New Year’s Resolutions, aren’t they wonderful? The ‘out with the old, in with the new’ spirit that a New Year provides, a clean slate, a new opportunity.
We all have aspects of our life that we would like to improve or change, and don’t forget – change is good, often scary but good.
So what are mine?
First of all, I’m not into any superstitious, weave your own yogurt, mumbo jumbo. I do see the New Year as a kickstart though – an excuse to change, and I like excuses! I get so caught up in the day to day treadmill (figurative, not literal) of life, that I lose sight of the bigger, more important things like health and nutrition. I know that I need to shift some pounds (‘some’ can be subjective) and I know that eating sugary things, crisps and whatever else is no good for me, but it’s easy and is often a go-to snack during a long or challenging day – this has to change, and I am going to make a conscious effort to eat more naturally – less processed, more organic (I will come back to this).
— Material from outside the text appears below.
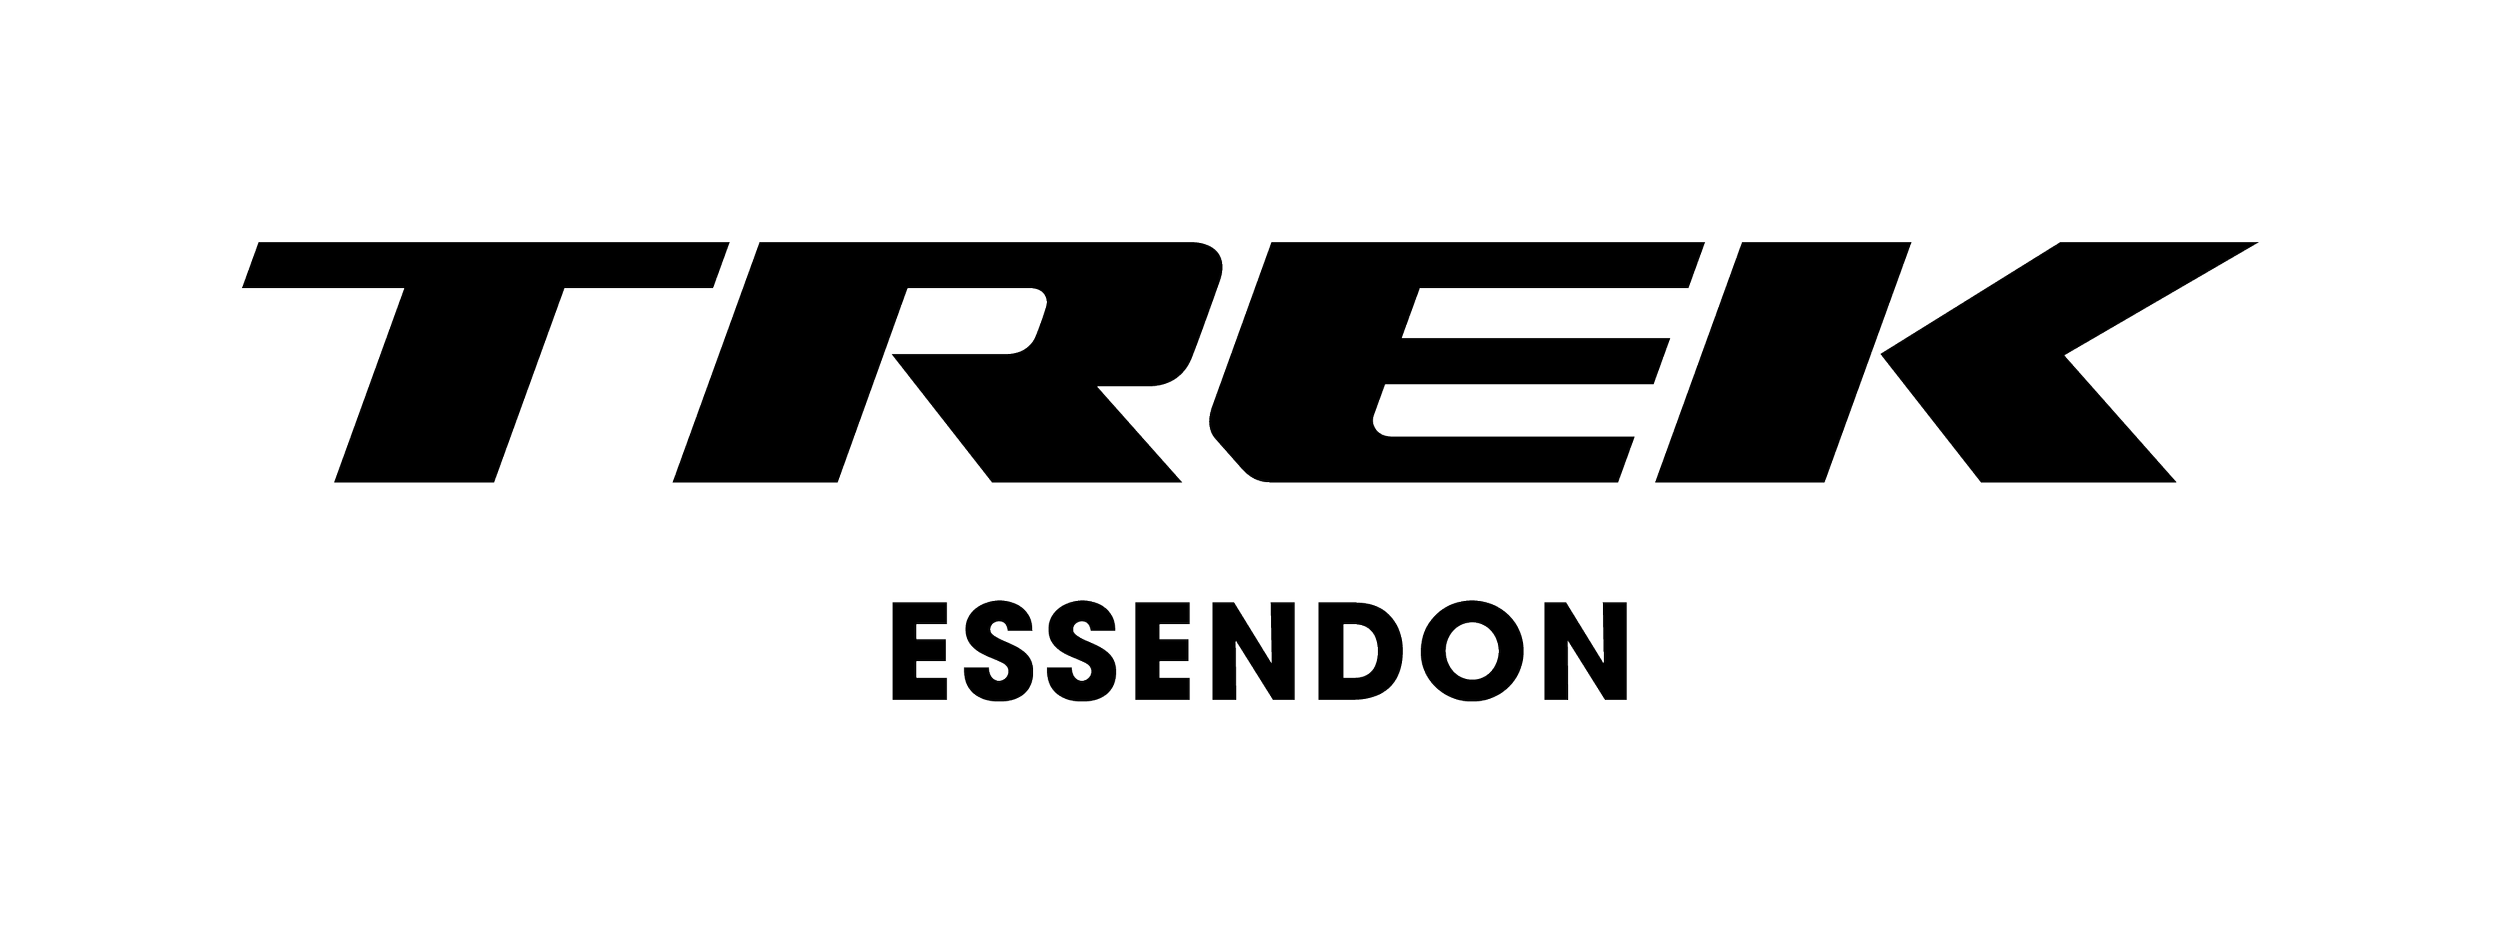 2018_Trek_logo_location_Essendon_black.png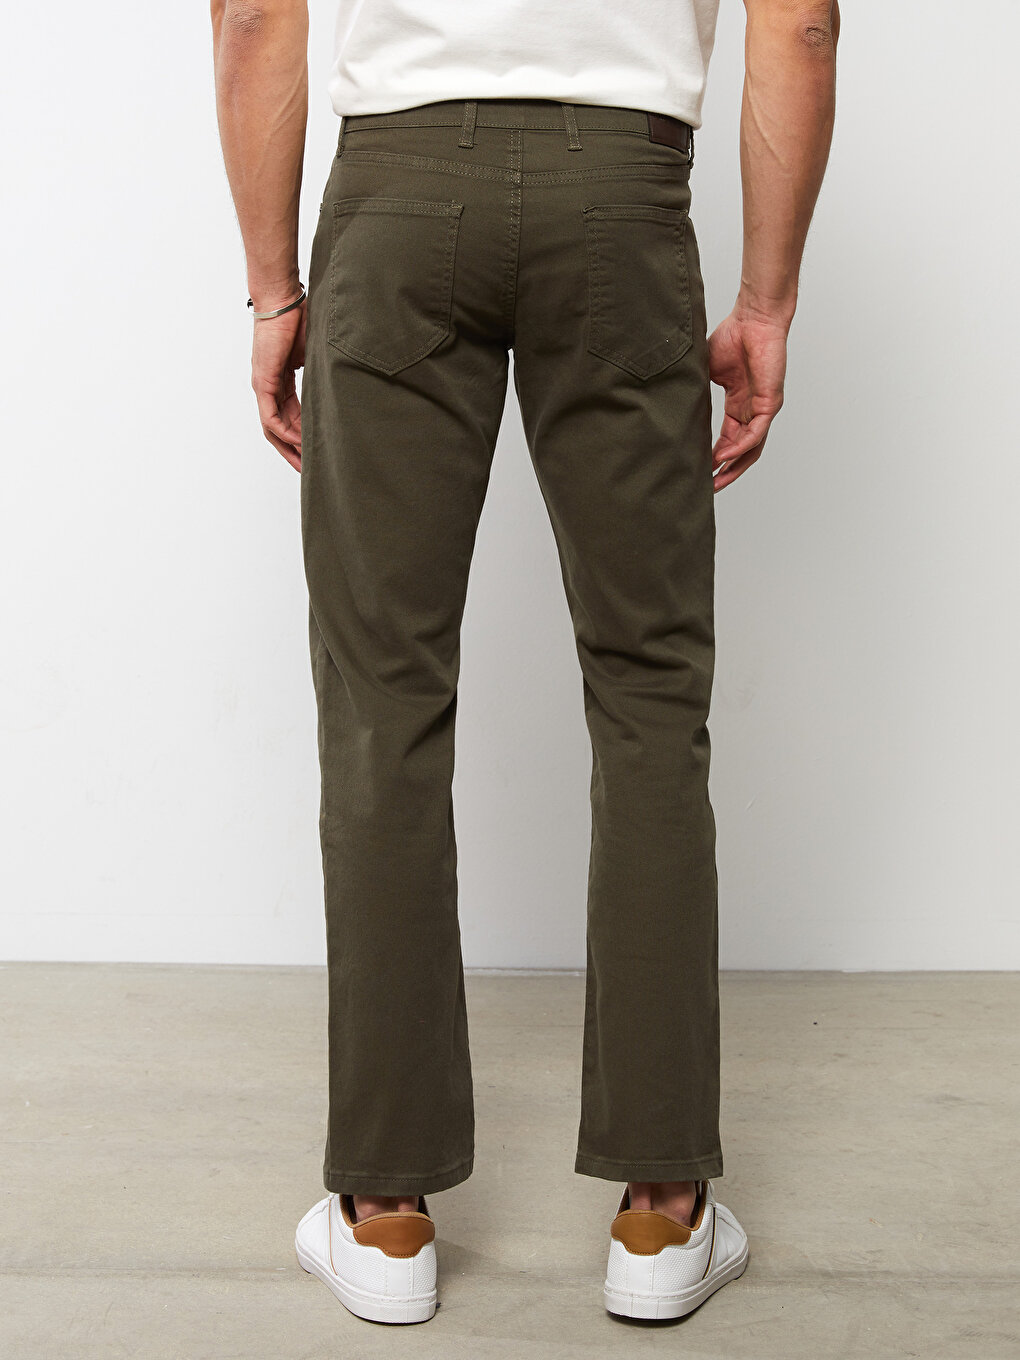 Standard Pattern Men's Chino Trousers -S20667Z8-S2Q - S20667Z8-S2Q - LC ...

I have been thinking a lot recently about meat (stop laughing you) – I eat meat every day in various forms, and in almost every case 2 out of 3 meals I have each day will include meat. The more I read about having a healthy, balanced diet makes me think that I need to change this approach. There are plenty of replacements for the nutrition that I get from meat, and plenty of more natural alternatives when some of the things that I eat are processed (with sodium nitrate, water and whatever else added to it) with resulting diminished nutrition.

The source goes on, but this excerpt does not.